The second scarcest commodity may be freedom. The Reforma Urbana has "reallocated" Dr. Rodriguez's house, moving in a family from the provinces and the block captain for the Comité de Defensa de la Revolución, who keeps tabs on the neighbors. Rodriguez has set up a clinic in the basement, where he treats patients without benefit of medication; neither morphine nor aspirin is available. It's there that he meets the jinetera, the streetwalker, when she comes in asking to be tested for HIV.

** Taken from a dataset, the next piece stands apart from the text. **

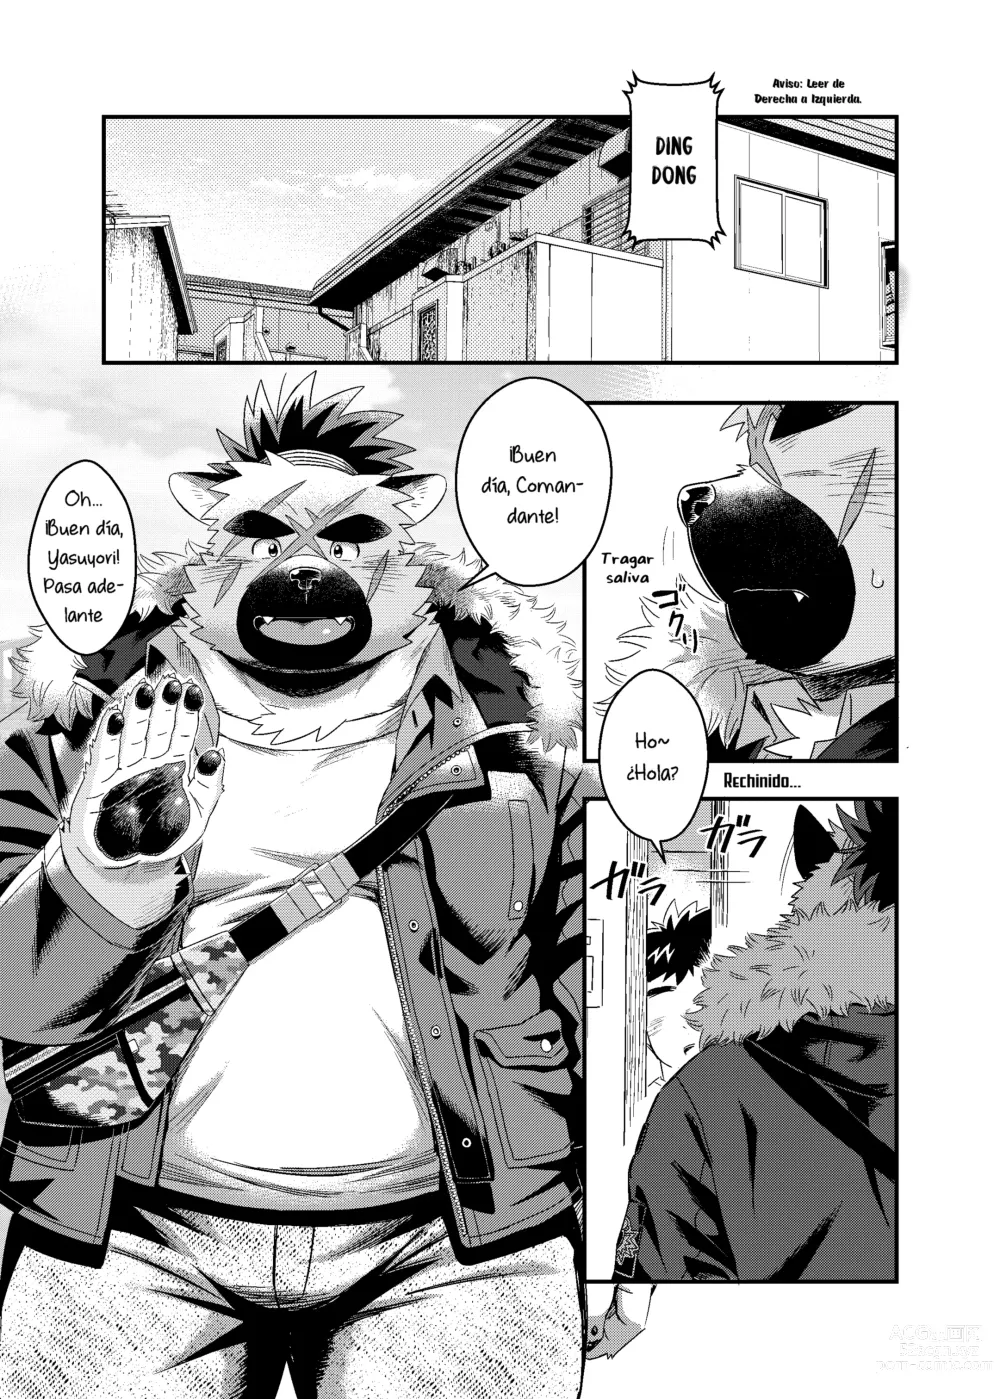 Page 4 of doujinshi Aquella vez que tomé la medicina incorrecta cuando estaba de visita en la casa del Comandante.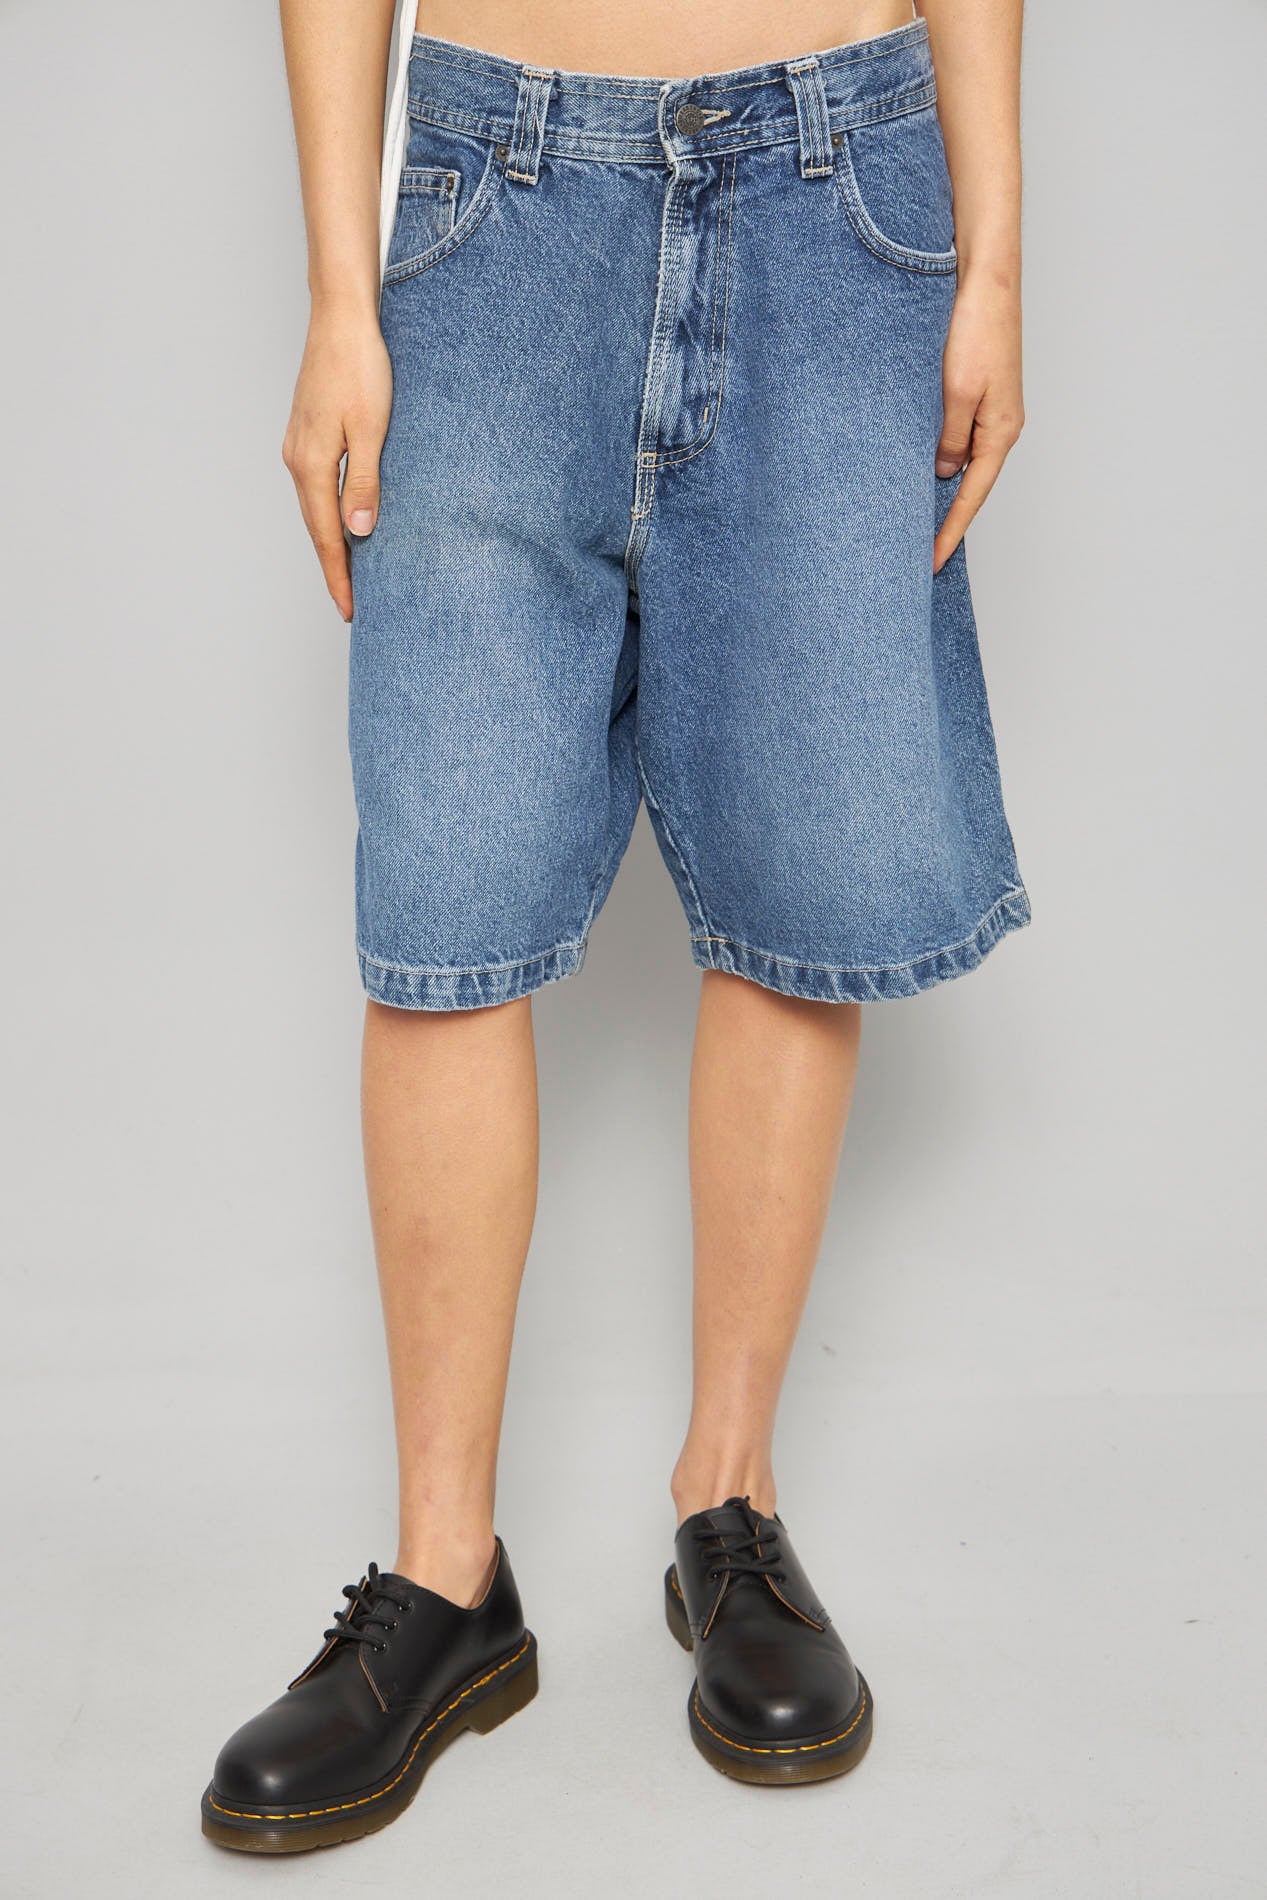 Shorts casual  azul billabong talla 38 351

Carol Snow's light romance, Just Like Me, Only Better, takes its inspiration from an equally surreal source that's closer to home: the Disney Channel. Her protagonist, Veronica Czaplicki, is a substitute teacher whose husband has just dumped her and their young son for an older and better-heeled woman. Veronica is broke, but she has one big asset: she looks strikingly like hot new actress Haley Rush—a star of the Betwixt channel and an idol of tweens across America.

Haley, it turns out, is sabotaging her career, binging on candy, coming to work hung-over and throwing tantrums in public. When her manager sees Veronica in a restaurant, he concocts a solution to the problem. He hires Veronica to pose as Haley, handling media photo ops that are crafted to salvage the star's reputation.

Predictably, the plan backfires. But Veronica gets a good haircut out of the gig, and it pays a lot better than substitute teaching. Plus she gets to date Haley's ex-boyfriend, B-list actor Brady Ellis, around whom she acts like a nitwit.

The novel may be total fluff, but Snow's eye for detail and irony make for a fun read. Montana-born Haley wears pink cowboy boots, guzzles blue Gatorade spiked with vodka, and has decorated her oversize tract house with antlers and bent-willow and log furniture. If you live with tweens and have spent too much time watching Miley Cyrus morph into Hannah Montana on Disney, you'll either laugh or cry reading Just Like Me, Only Better.